Bukit juga meminta pemerintah kabupaten/kota membuka posko pengaduan bagi karyawan yang tidak menerima THR. Dengan begitu, karyawan bisa mengadukan perusahaannya, dan Dinaskertrans bisa segera menindaklanjuti.

Perusahaan yang tidak memenuhi kewajibannya akan mendapat sanksi sesuai undang-undang dan peraturan terkait.

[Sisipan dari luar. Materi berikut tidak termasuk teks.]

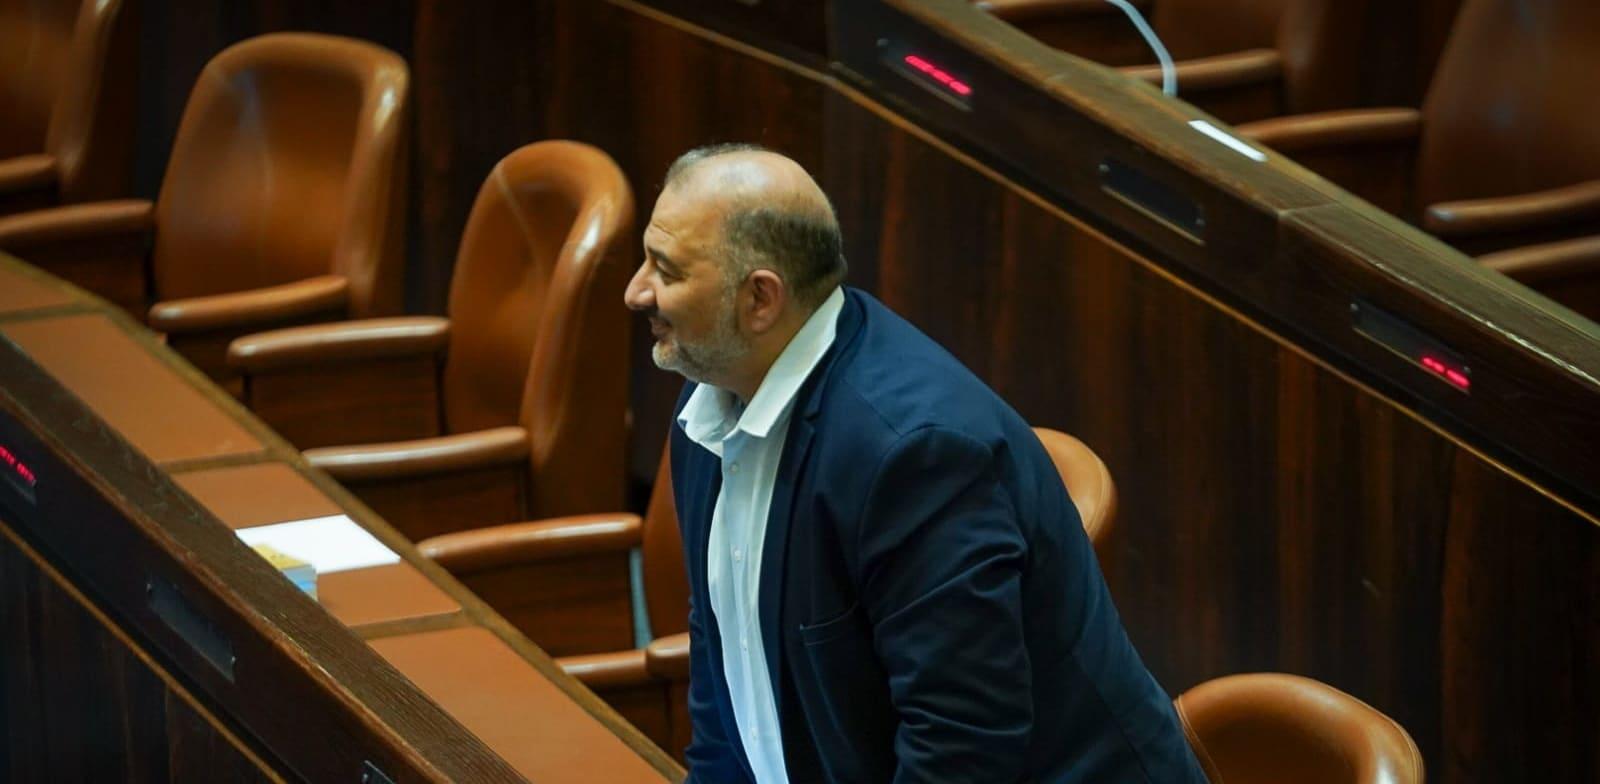 מנסור עבאס במליאה על הרכב הוועדה המסדרת / צילום: דוברות הכנסת - נועם מושקוביץ

Di mana, diketahui UU Nomor 13 Tahun 2013 tentang Ketenagakerjaan menegaskan, pekerja dengan masa kerja 12 bulan atau satu tahun secara terus-menerus wajib mendapat satu bulan upah.

Sekretaris Asosiasi Pengusaha Indonesia (Apindo) Sumut, Laksamana Adyaksa, mengatakan, menindaklanjuti imbauan Disnakertrans Sumut, akan menyarankan anggota Apindo membayar THR sepekan sebelum Lebaran.

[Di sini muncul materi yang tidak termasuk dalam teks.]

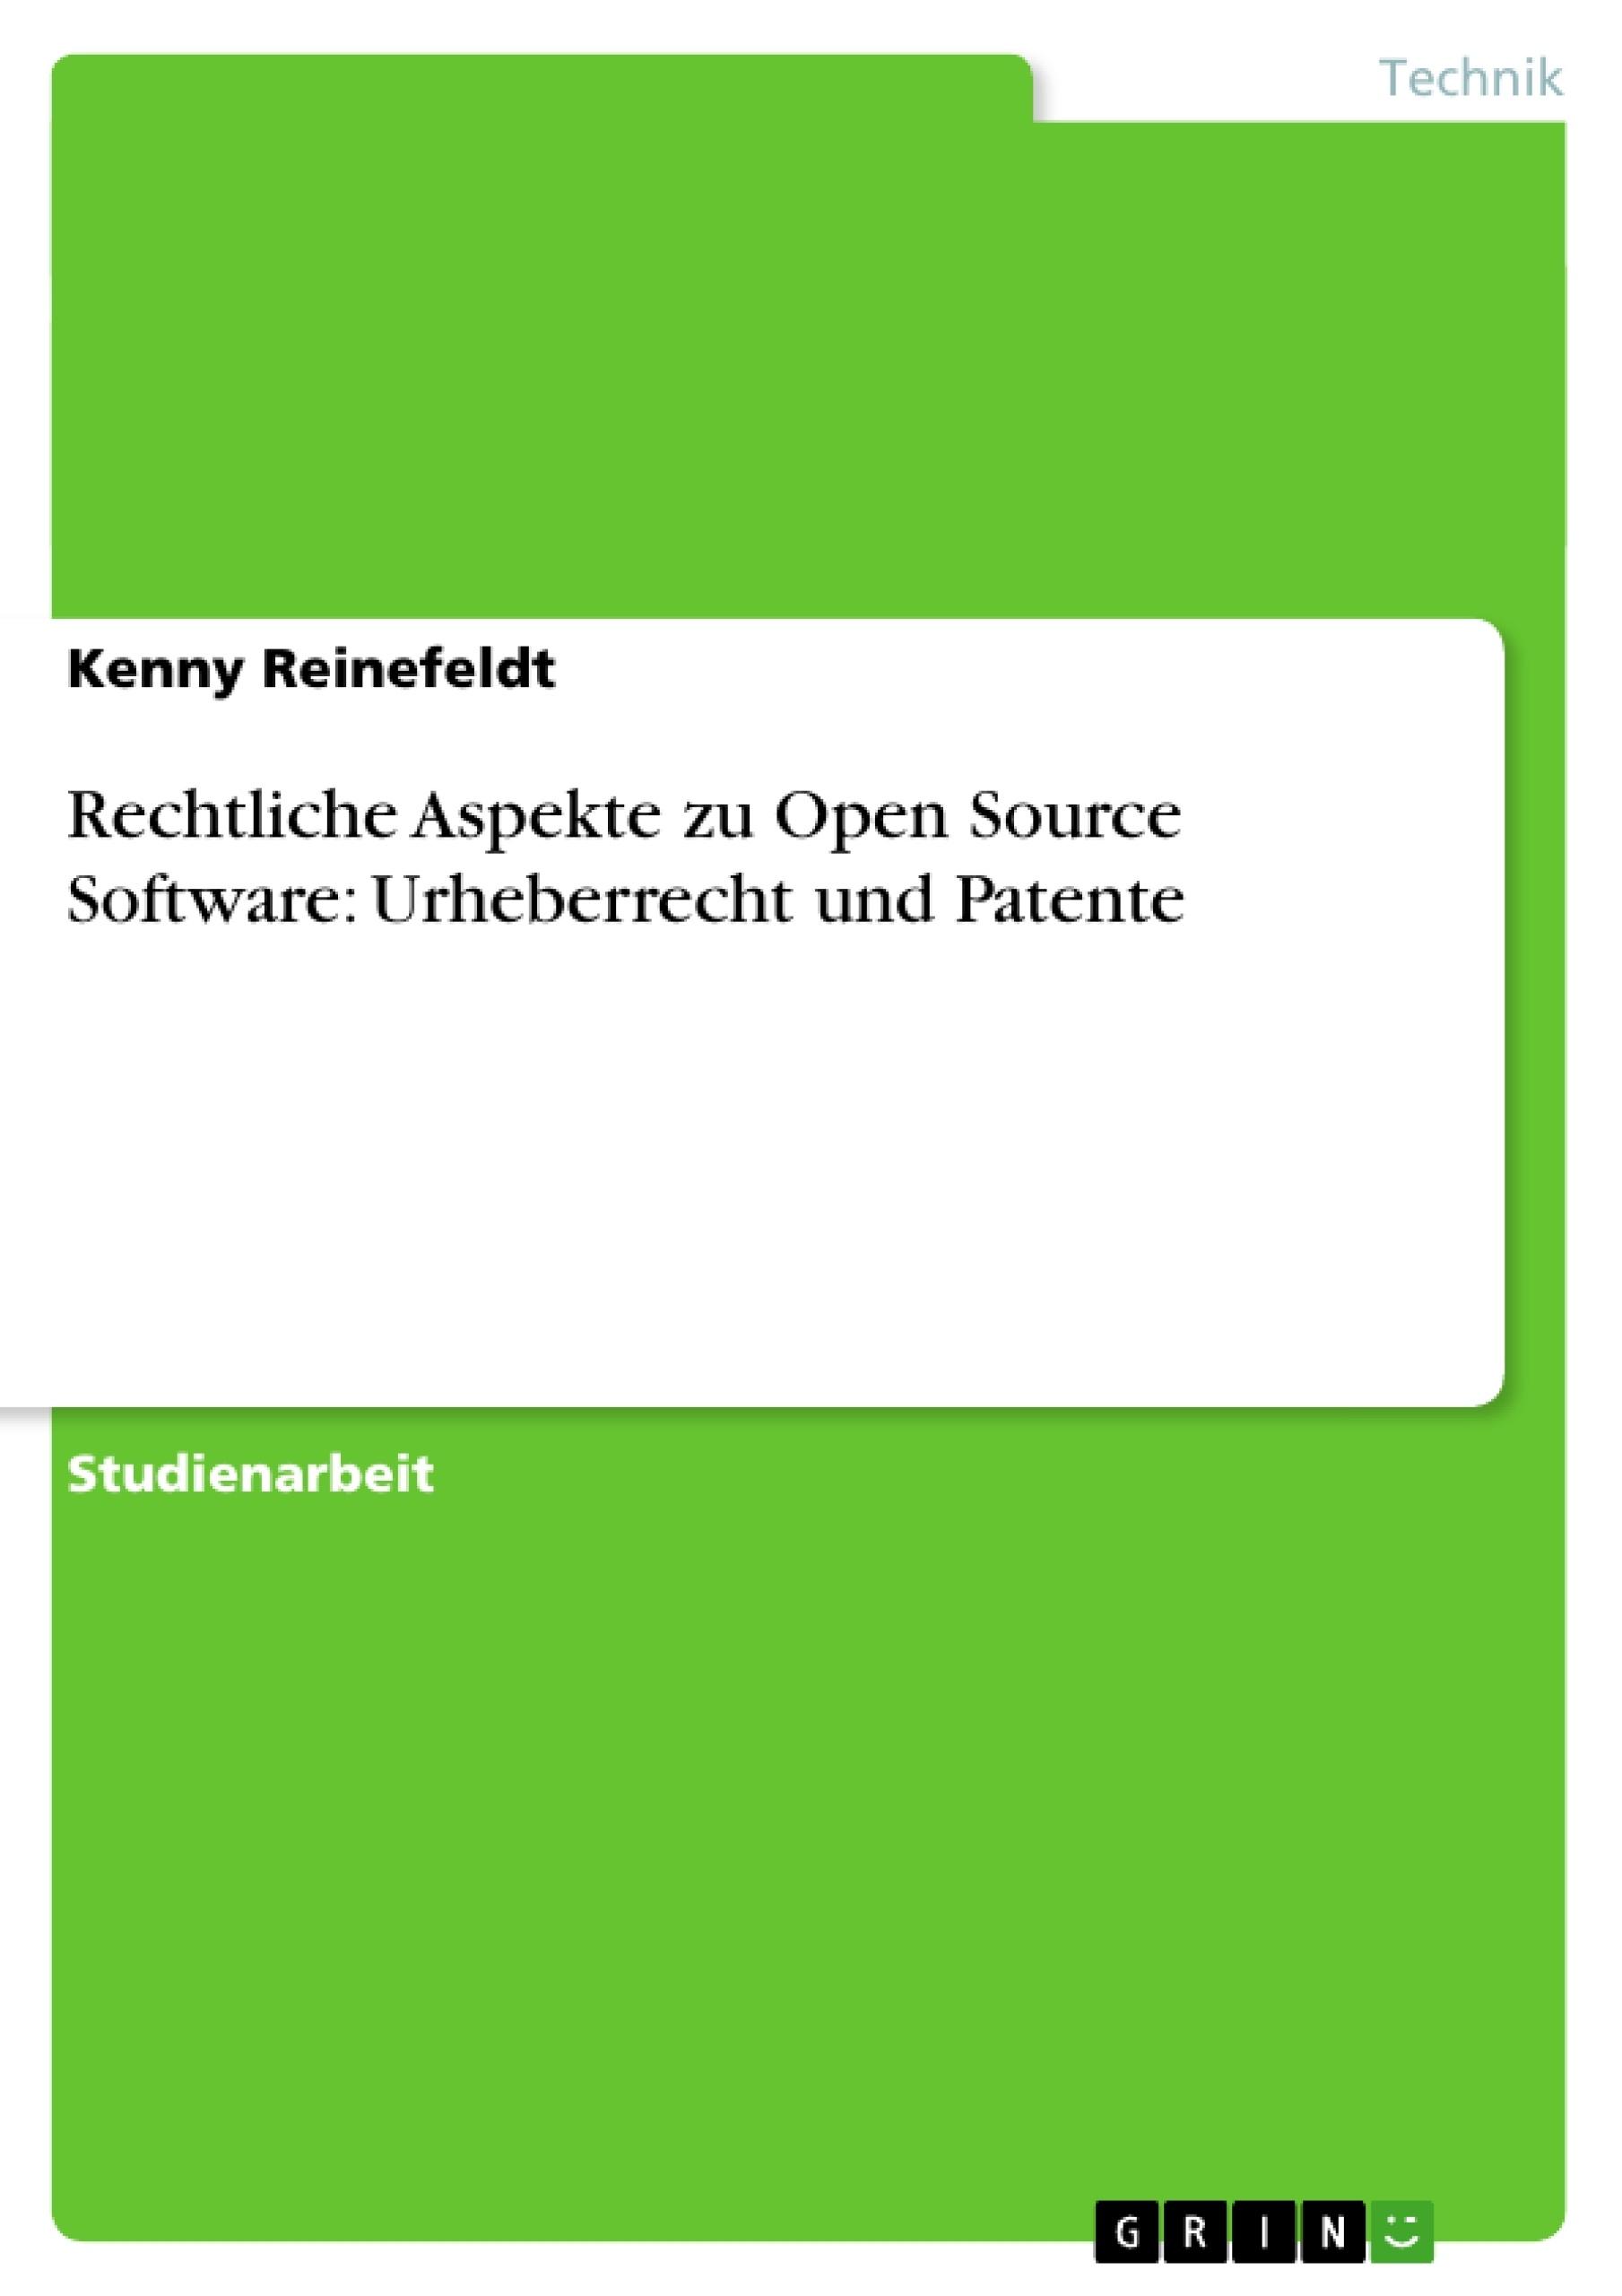 Titel: Rechtliche Aspekte zu Open Source Software: Urheberrecht und Patente

Namun di sisi lain, Laksamana juga mengkritik imbauan yang setiap tahun dikeluarkan pemerintah tersebut. Menurut Laksamana, pemerintah seharusnya tidak selalu menyampaikan imbauan kepada perusahaan untuk membayar THR dan menyampaikan mengenai sanksi jika tidak membayarkannya.

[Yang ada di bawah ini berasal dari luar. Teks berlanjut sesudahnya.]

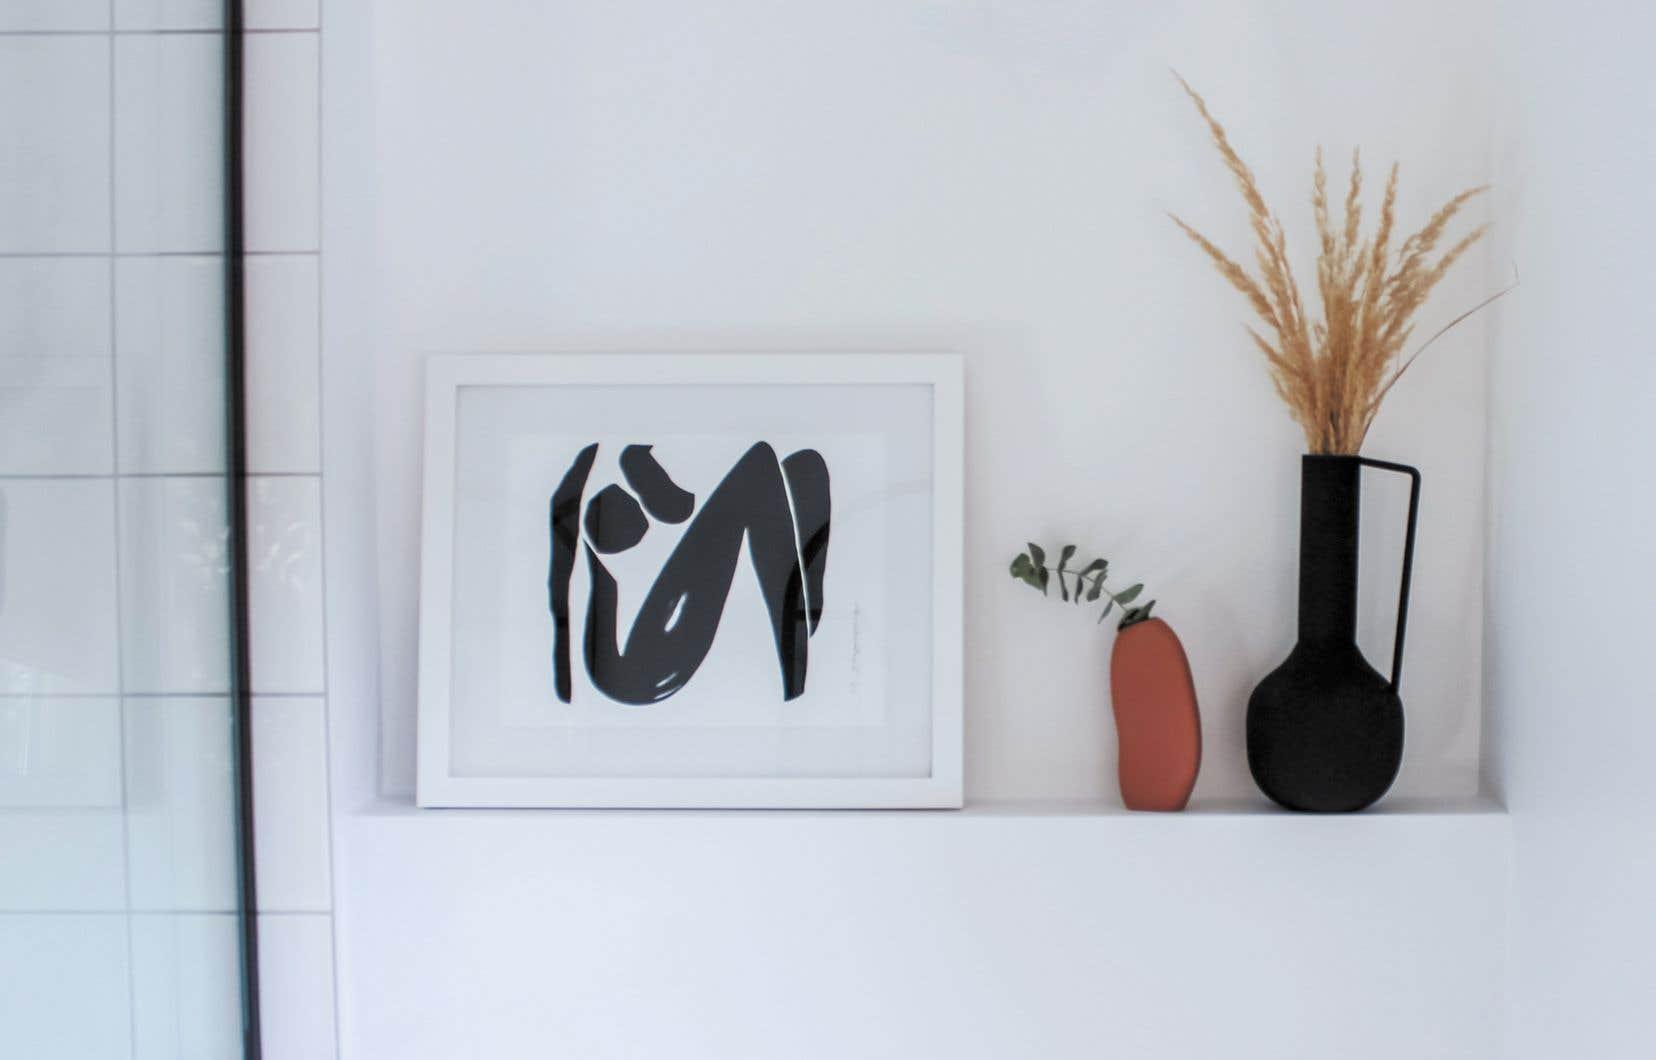 Pour mettre en valeur une toile, le studio de design Les Casanières suggère notamment de choisir des éléments qui auront pour effet de rediriger le regard vers l'objet.

Namun, pemerintah juga seharusnya memberikan motivasi dengan memberikan penghargaan kepada perusahaan yang membayar THR lebih cepat ataupun lebih banyak dari peraturan yang ditentukan. Dengan begitu, perusahaan menjadi terpacu.

?Misalnya mengumumkan dan memberikan penghargaan bagi sepuluh perusahaan yang lebih cepat dan banyak membayar THR. Pada praktiknya, ada perusahaan membayar dua sampai tiga bulan dari upah kepada karyawannya,? katanya.

Menurut dia, yang harus diperhatikan pemerintah saat ini bukan pekerja formal yang memang mendapatkan THR. Selama ini, pekerja-pekerja nonformal yang banyak tidak mendapatkan THR, namun luput dari pengawasan Disnakertrans. Mereka di antaranya bekerja sebagai penjaga toko dan mal.

Sementara sejumlah organisasi buruh sebelumnya mengatakan akan mengawal Peraturan Menteri Tenaga Kerja (Permenaker) No 6 Tahun 2016 tentang THR dengan membuka posko pengaduan bagi buruh yang tidak mendapatkan haknya.

Ketua Dewan Pimpinan Wilayah (DPW) Federasi Serikat Pekerja Metal Indonesia (FSPMI) Sumut, Willy Agus Utomo, mengatakan, pada peraturan itu disebutkan bahwa bagi buruh yang memiliki masa kerja satu bulan sudah berhak menerima uang THR.

Rencananya, di Sumut FSPMI membuka posko di tiga kabupaten/ kota, yakni Deliserdang, Serdangbedagai, dan Medan. Buruh yang tidak mendapat THR bisa mendatangi posko atau langsung datang ke sekretariat FSPMI di Jalan Raya Medan-Tanjung Morawa KM 13,1 Gang Dwi Warna, Kecamatan Tanjung Morawa, Kabupaten Deliserdang.

Senada, Ketua Serikat Buruh Sejahtera Indonesia (SBSI) Sumut, Niko mengatakan, sudah membentuk posko untuk menerima pengaduan buruh yang tidak menerima THR sesuai ketentuan. SBSI membuka posko di 12 kabupaten/ kota yakni Medan, Deliserdang, Tebingtinggi, Serdangbedagai, Pematangsiantar, Simalungun, Tanjung Balai, Asahan, Gunung Sitoli, Sibolga, Tapanuli Utara, Karo, Batubara, dan Padangsidimpuan.